I was on Susan's site and my brain hurts! Lol my hand hurts from writing all my notes too! Anyways, so much info but Im so confused at the moment and I hope someone can clarify for me.  I found the basic body butter recipe from swiftcraftmonkey and the tutorial and I'm ready to try it out. She gives percentages of everything...water, oils etc. but it doesn't add up to 100%. I'm not sure if something is missing or what. Should the total 100% include preservative and FO or just oils, butters, waxes, water, glycerin and cetyl alcohol? This is what she lists...

59% water
2% sodium lactate or glycerin
10% oils
15% butters
3% cetyl alcohol
7% ewax
.5-1% preservative
1% FO

Total 98% or 96% without preservative and FO. 

My second question is about the preservative. She used liquid germall plus and of course I don't have that but I do have phenonip. Would this be an ok sub and according to her chart it can be added at the heat or cool down phase. Anyone have experience they can share? 

Thanks all!


----------



## itunu (Sep 22, 2012)

Hi

I can understand that it's a bit confusing with so much info to read.

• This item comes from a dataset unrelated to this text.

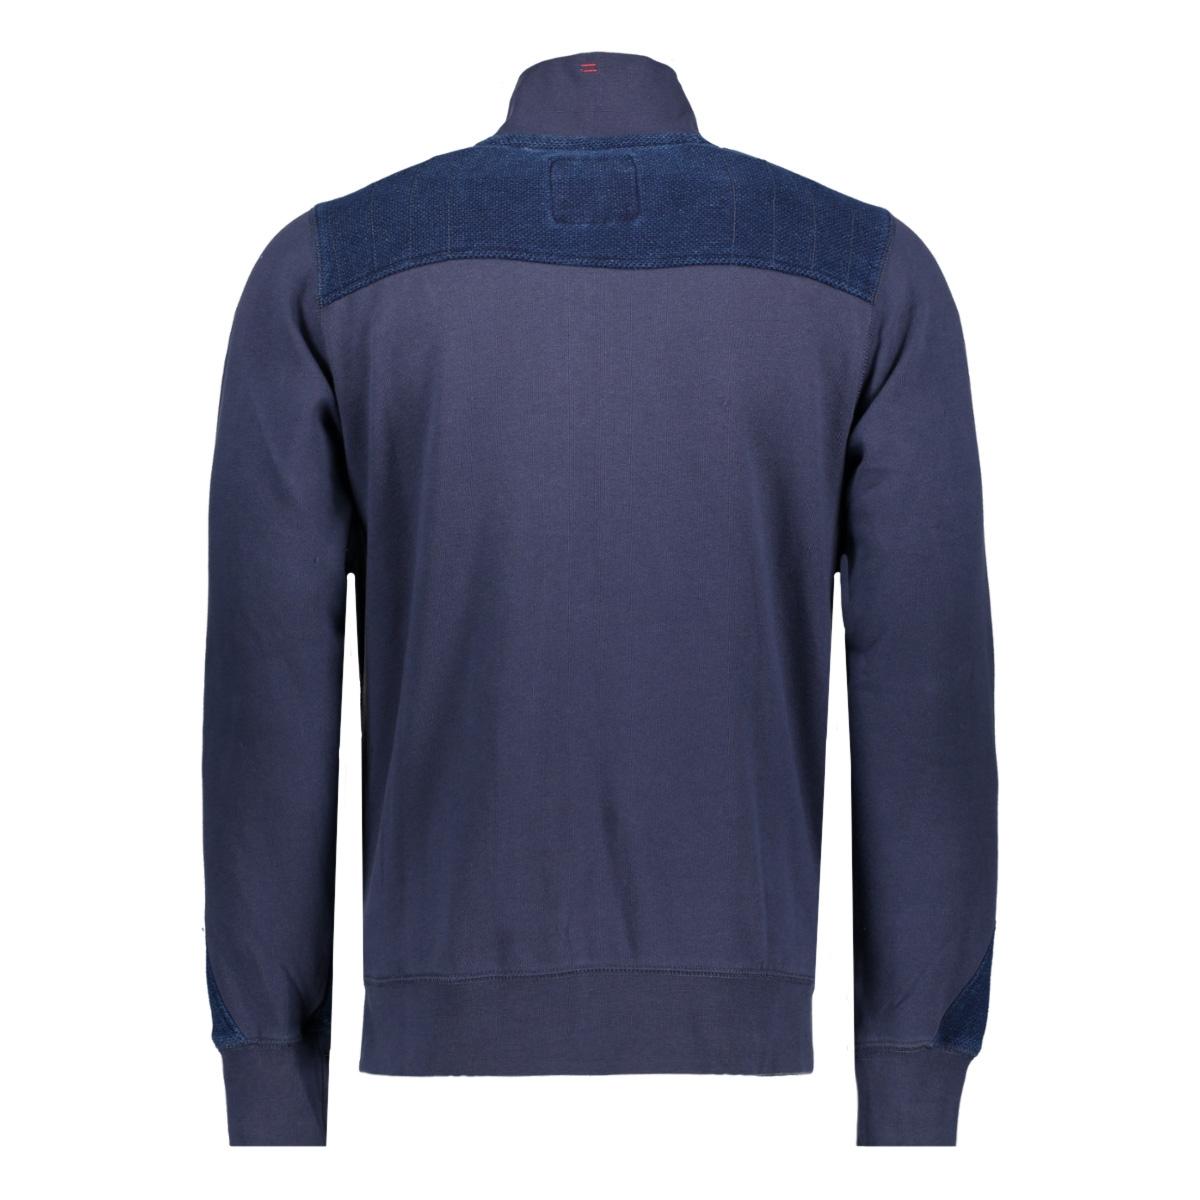 msw751433 twinlife vest carbon

If you go to http://diybathandbody.wordpress.com/how ... gredients/ and scroll down there is a table which tells you what % to use for your skin type.  The website also gives a quick run down of how to create a lotion, where to buy ingredients equipment etc.

Yes you can use phenonip - it goes into 2 phases - 0.5% in heated water phase and also 0.5% in heated oil phase.  So it doesn't go into the cool down phase.  But it is deactivated by polysorbate 20 and polysorbate 80 and ceteareth-20 so do ask your supplier the inci names of the ingredients which make up your "emulsifying wax."

Re the water %. This % will be whatever makes the recipe up to 100%.  So, as an example, say, your water phase total (excluding water) is 10%, your oil phase total is 20% and cool down phase is 10% then you add these up which totals 40%.  So to make your lotion total 100% you need to add 60%.  So 60% will be your water amount.  Hope that makes sense.  So in your recipe you need to add an additional 2% water (if you include preservative and EO)


----------



## FOhoarder (Sep 22, 2012)

Thank you sooooo much for that blog link! What a great site! I thought that's what I would end up doing about adding water to make up for the missing %.  You were such a big help...thank you!


----------



## itunu (Sep 23, 2012)

Really glad the website was useful.  Do let is know how the body butter goes.


----------